Perhaps like I had watched him play on the public courts at Wimbledon Park, just across the road from the All England Club. He was older than 12, to be sure, but still a teenager and had just reached the third round at the Championships. But the next day, his agent and great friend, Ken Meyerson, who died so tragically in October of last year, took him over to the courts, and they lined up to pay their court fee with park players who barely recognized him and then went on Court 17 or whatever and hit balls for an hour. That was innocent, too, and, for me, it marked Andy Roddick as the right kind of guy.
The rain had caused disruption to the schedule Wednesday, and Olympic gold medalist Andy Murray found himself being shunted over to Louis Armstrong for his match against Marin Cilic. For a while, Murray didn't look as if he knew where he was or what he was doing. Seemingly lifeless, he allowed the Croat to sweep to a 6-3, 5-1 lead.
It was about the time that the Roddick match ended, and one of the first spectators to rush over from Ashe was Pippa Middleton. A mass of spectators soon followed, and suddenly the atmosphere was completely different. So was Murray.
Beginning to look like the man who dealt so ruthlessly and cleverly with Milos Raonic's big game in the previous round, Murray broke back twice, went 2-4 down in the tiebreak after three awful errors but still remembered his lines and wrapped up the second-set tiebreak, 7-4. After that, Cilic had no chance and went down, 3-6, 7-6(4), 6-2, 6-0.
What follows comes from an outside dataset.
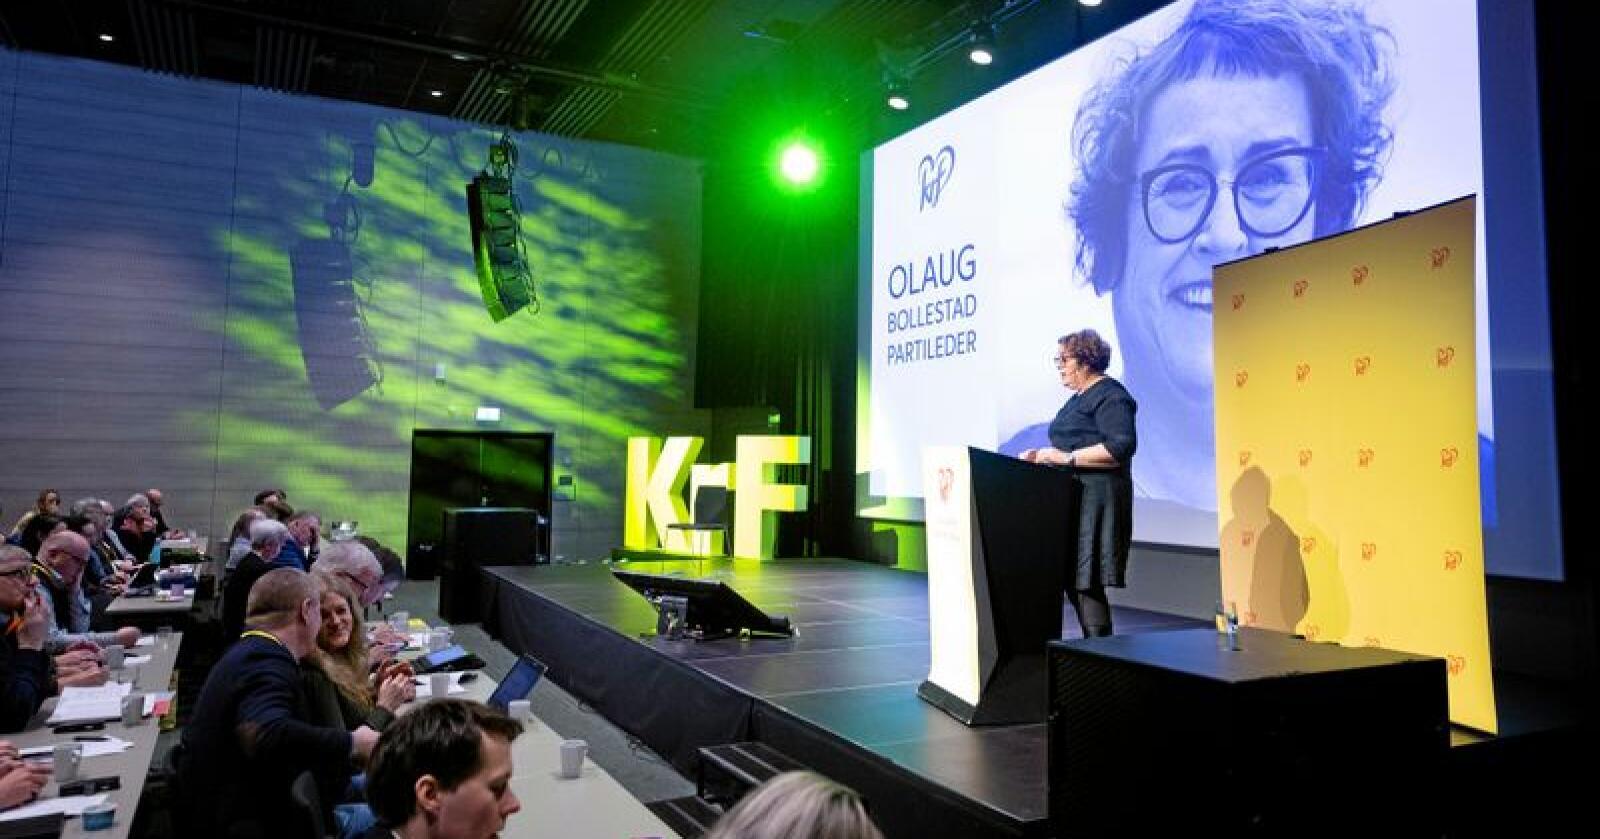 Fungerende KrF-leder Olaug Bollestad på KrFs landskonferanse på Gardermoen lørdag. Hun la spesielt vekt på gjennomslagene partiet har fått i Granavolden-erklæringen, men oppfordret samtidig til å finne sammen som parti etter en intens periode med retningsvalg i partiet. Foto: Fredrik Hagen / NTB scanpix
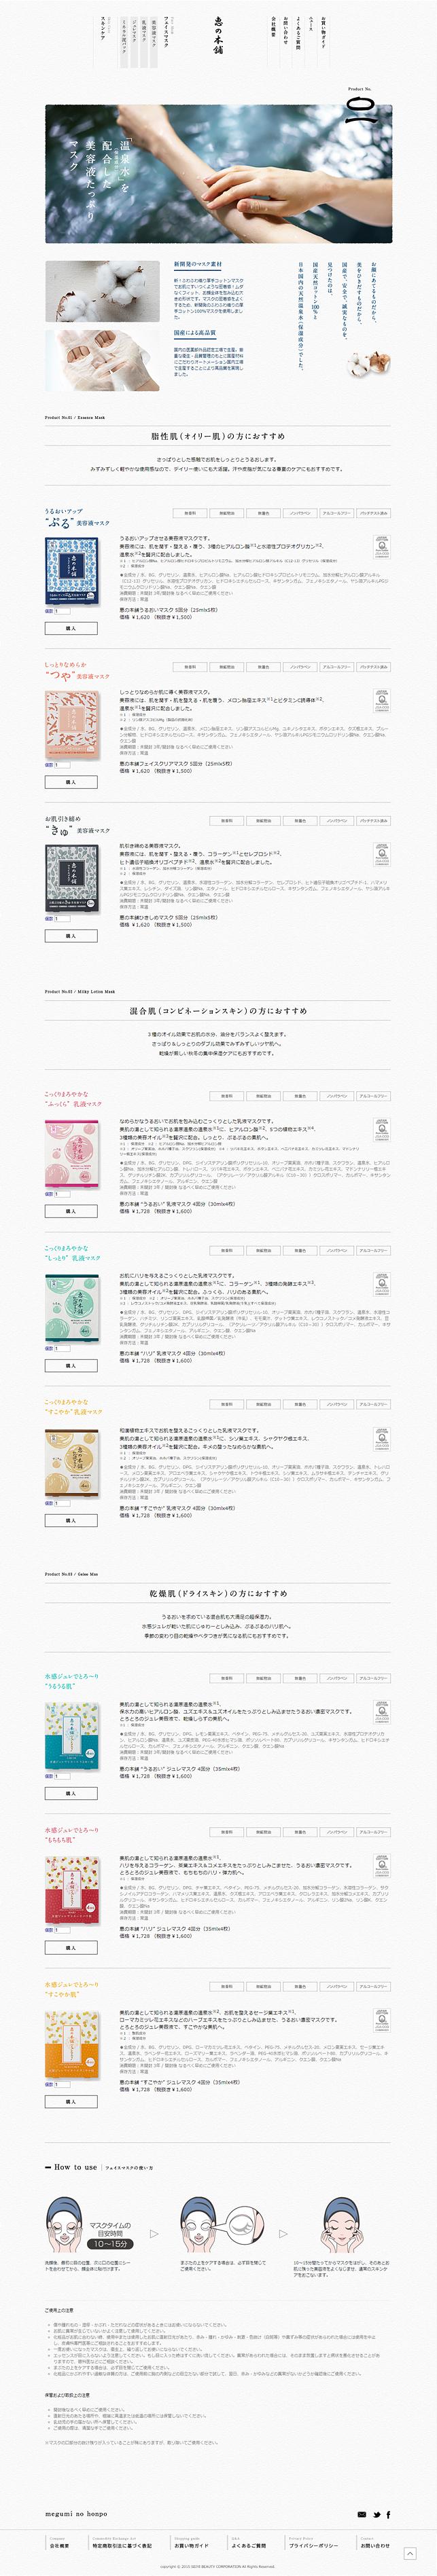 美容・健康・化粧品関連・ウェブサイトデザイン実績2p

After all the rain interruptions, Maria Sharapova finally got back on Ashe facing the unenviable task of pulling herself back from a 0-4 first set deficit against Marion Bartoli, the great French fidget.
"I tried not to think about it too much, " Sharapova said. "Just happy to get a good night's sleep."
Although she started well and broke Bartoli's serve, it was not enough to save the set, but slowly the determined Russian pounded her way into the match with her heavy forehand and occasional ace and came through to win, 3-6, 6-3, 6-4.
Bartoli, who goes through the most extraordinary gyrations while waiting to receive serve and swings viciously at air while practicing her shots in between points, had a purple patch in the third set when she broke back and broke again to lead 4-3. But Sharapova has this increasingly amazing record of not having lost a match that goes to three sets this year, and after this comeback, the score stood at 12-0.
"She just has that non-traditional game where it's kind of sneaky," Sharapova said. "You don't know whether she's going to come in or hit the ball flat or hit the frame. And I think she likes to serve consistently at 99 mph on second serves. Every time I looked at the clock, it was like 99, 99. I thought, if I lose this match, I'm going to have nightmares."
But she will sleep well again after this and prepare for an even tougher assignment next time out, when she meets world No. 1 Viktoria Azarenka in the semifinal. It will be Sharapova's first appearance in the semifinal here since she won the title in 2006.
In another women's quarterfinal, Sara Errani, who lost to Sharapova in the final of the French Open in June, won the battle of the Italians when she defeated her doubles partner, Roberta Vinci, 6-2, 6-4.